Building the AI-Infused University Starts with Smarter Compute Investments
Orchestrating people, process, and compute for an AI-infused future at UGA.
I remember the fall of 2011 clearly. Alan Dorsey was interviewing to become Dean of Franklin College, the University of Georgia’s largest and most academically diverse college. After the usual pleasantries, Alan shifted the conversation toward something deeper: research infrastructure. A physicist by training, he understood the strategic value of high-performance computing and wanted to know how a partnership with my team could advance the college’s research agenda. He got the job and spent the next decade leading the college through substantial research growth and transformation.

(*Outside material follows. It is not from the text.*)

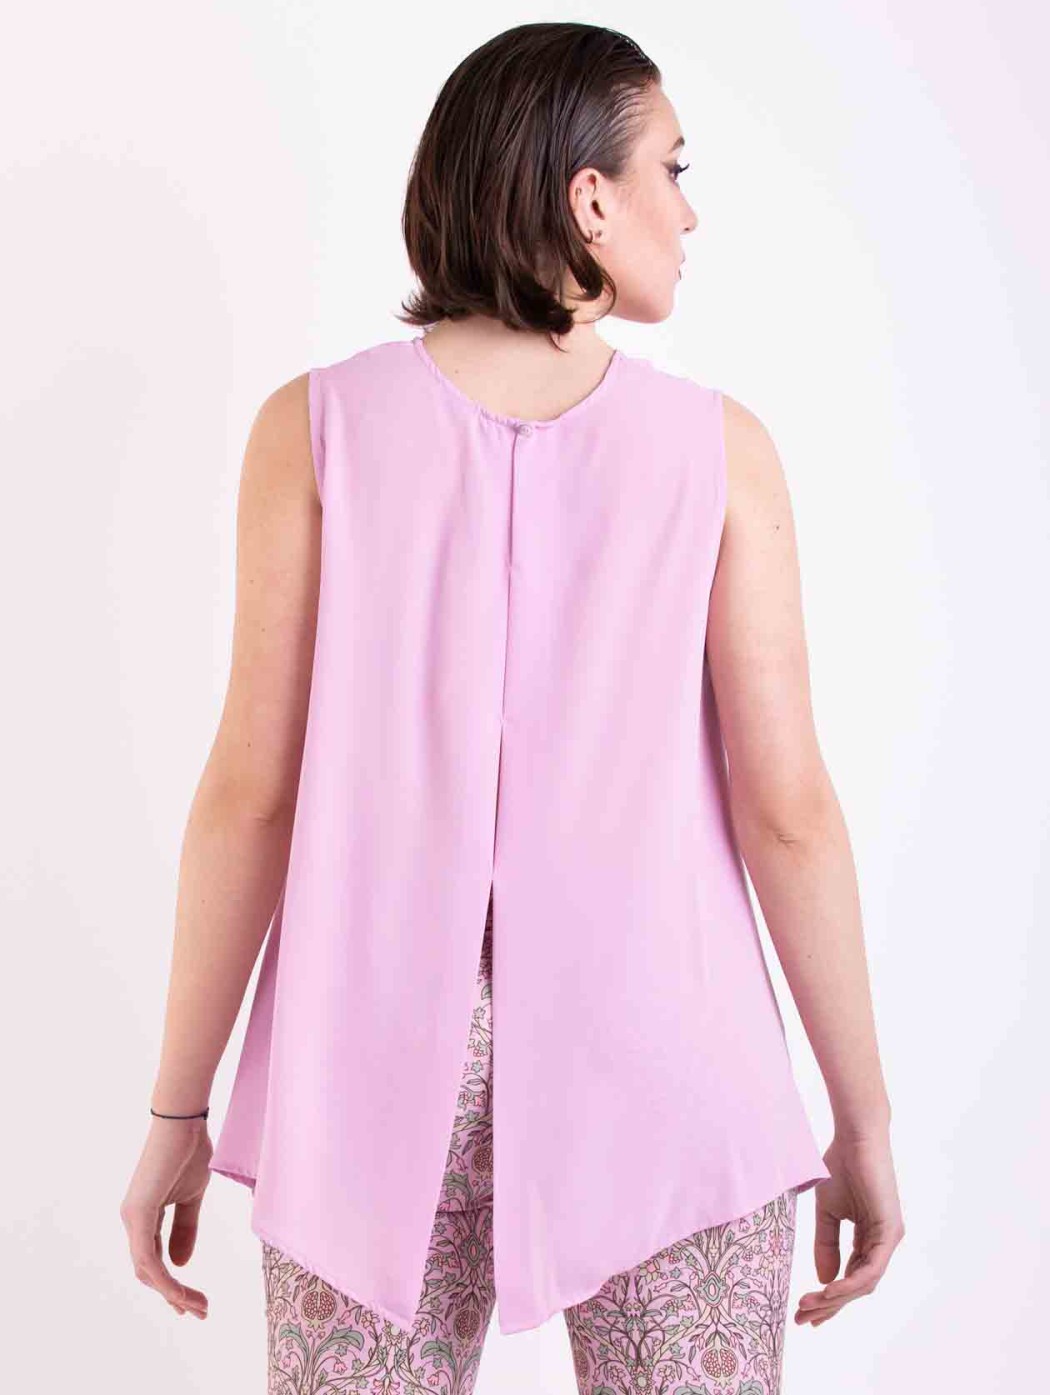 Maesta Milano pink silk top...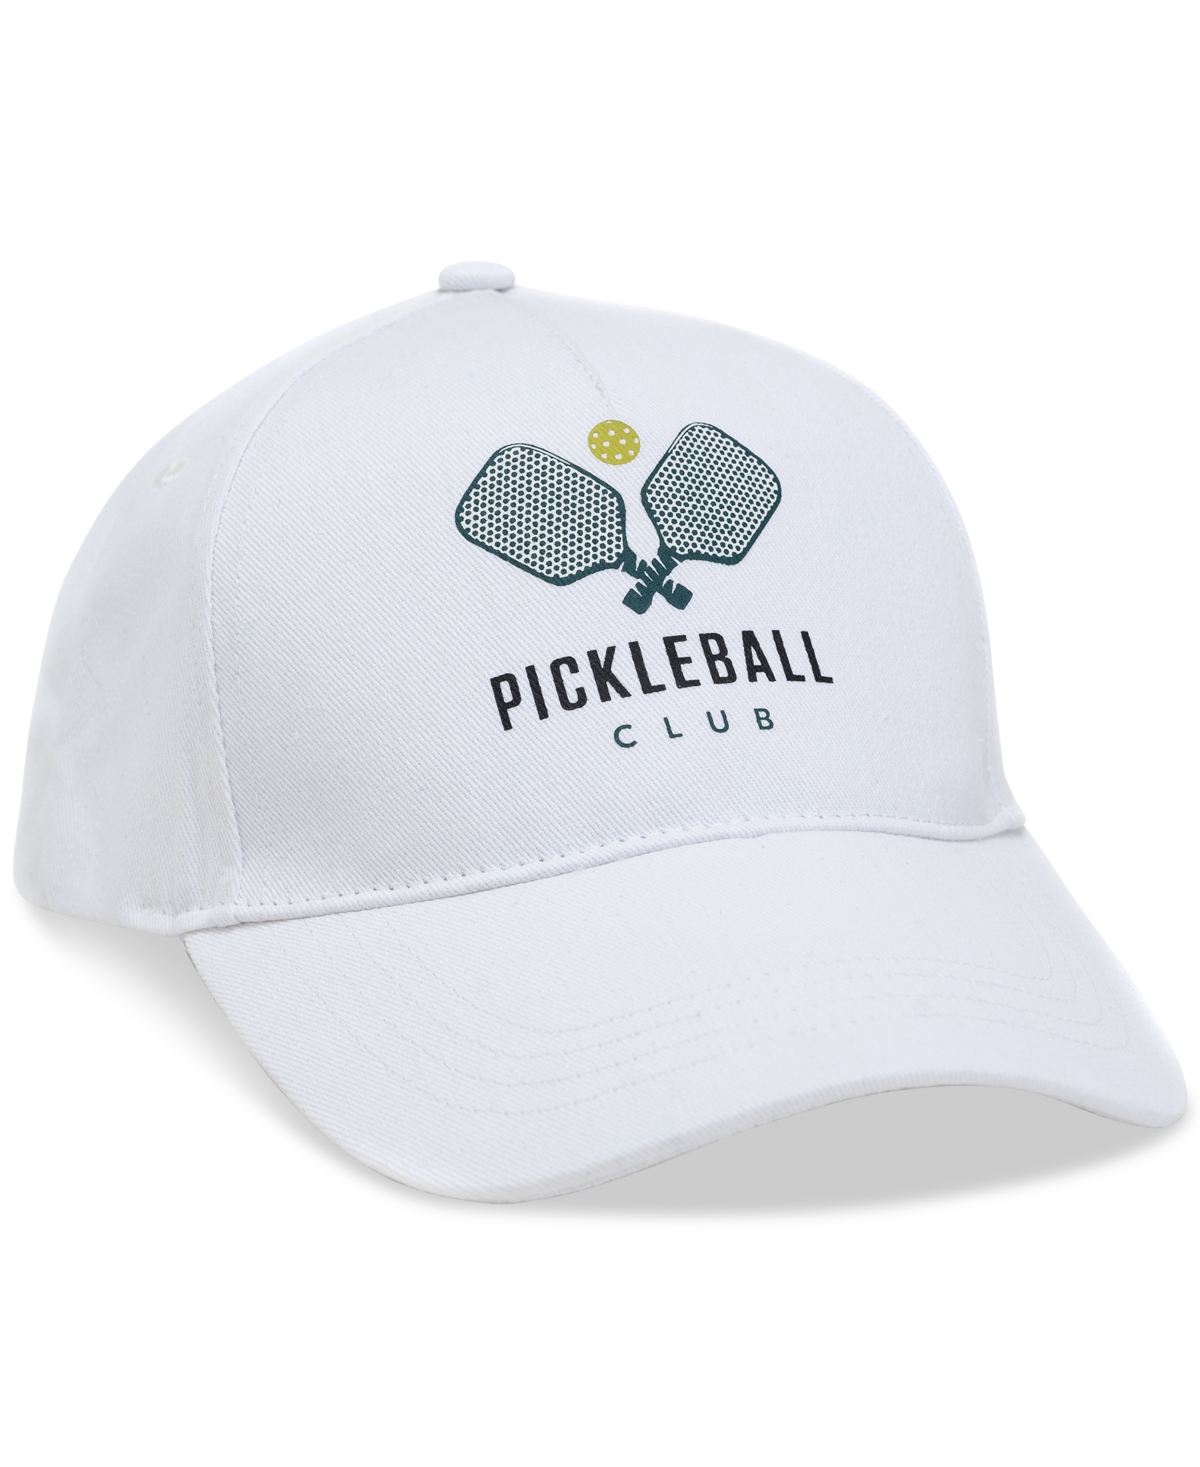 Women's Cotton Pickleball Baseball Cap, Created for Macy's - White

When his tenure as Dean ended, Alan joined my organization as Associate CIO for Research, where he led our HPC operations with the same clarity and conviction he brought to Franklin. Now, two years later, he’s returning to the faculty as a Simons Foundation grantee. In today’s Dispatch, I want to reflect on what we learned under Alan’s leadership and where we’re headed next as we build on that foundation.
Why it matters
For a research-intensive university, the promise of becoming truly AI-infused is not an abstract aspiration. It is a practical challenge, and it rests on the strength of the computing infrastructure that underpins the work of our faculty and students. AI models, whether used in genomics, drug discovery, or astronomy, are computationally hungry. They demand GPUs optimized for deep learning, high-throughput storage, robust networking, and the human expertise to make it all work reliably.
That means continual investment, not just in hardware, but in facilities, power, and the staff who can run, maintain, and optimize it. Without that backbone, AI strategies stay stuck on PowerPoint slides instead of producing research breakthroughs.
What’s new
At the University of Georgia, we are strengthening this backbone. I am pleased to share that Dr. Jesse Kissinger will serve as our new Associate Chief Information Officer for Research, supervising operations for our high-performance computing center. Dr. Kissinger is a leading researcher in bioinformatics and has been a persistent, clear-eyed advocate for building research capacity across the university.
Her appointment matters because she brings the faculty perspective directly into my leadership team, which directs all technology operations at UGA. Too often, technology decisions are made without the lived experience of those doing the work. By bridging that gap with our faculty, we ensure our infrastructure plans and other operations are aligned with the real needs of our academic community.
The bigger picture
In the past, universities often equated “research computing” with the central HPC cluster: a powerful shared environment where the largest, most complex jobs could run. That central resource remains critical. But in an AI-driven era, it is no longer the only resource that matters. At UGA, we are pursuing a three-tiered approach:
Desktop powerhouses. Many breakthroughs are happening outside the cluster. In physics, infectious diseases, and other STEM disciplines, researchers are pushing boundaries with advanced desktop workstations. Today, an 80-core GPU-enabled Mac Studio with 512 GB of RAM can be purchased for around $10,000. For many research groups, that’s enough to process massive datasets, run sophisticated simulations, or train targeted AI models, all without queuing for cluster time. This keeps the central HPC available for the heaviest computational loads.
Cloud elasticity. While on-premises hardware remains more cost-effective for continuous workloads, cloud resources from Microsoft, Amazon, and Oracle can provide overflow capacity. They are especially valuable for short-term spikes in demand, specialized computational needs, or collaborations with external partners who already operate in the cloud. Cloud elasticity ensures researchers don’t have to scale back a project simply because the internal queue is full.
Central HPC. Our Georgia Advanced Computing Resource Center (GACRC) remains the backbone of our research computing portfolio. It is the home for the largest, most resource-intensive projects: climate simulations, exoplanet identification, genomic sequence alignments, and large-scale AI model training. And it benefits from the efficiency of shared investment across disciplines.
Why this matters for an AI-Infused University
An AI-infused university is one where computational resources are not a bottleneck. It is an environment where a faculty member with a promising idea can get the computing power they need quickly, in the format that makes sense for their work, without navigating a maze of delays or compromises.
That requires not only the right mix of hardware and capacity, but also thoughtful leadership to guide those investments. Dr. Kissinger will oversee operations at the GACRC and work with deans and faculty to make strategic use of all three tiers. The goal is to match the right workload with the right resource and to make sure no research effort is slowed by a lack of access to compute, storage, or expertise.
The final word
AI’s demands on research infrastructure will only grow. Models will get larger, datasets more complex, and collaborations more computationally intensive. By building a balanced portfolio of computing resources and by embedding faculty leadership into the governance of those resources, UGA is taking the steps necessary to remain competitive and innovative in this next chapter of research.
We are fortunate to have Dr. Kissinger in this critical role, and I look forward to working with her as we continue to shape UGA into a truly AI-infused university.


Great points. I am seeing that even smaller institutions need access to HPC to fully participate in AI instruction and research. Given the expense of HPC infrastructure and related support costs, HPC as a shared service might make sense for many universities.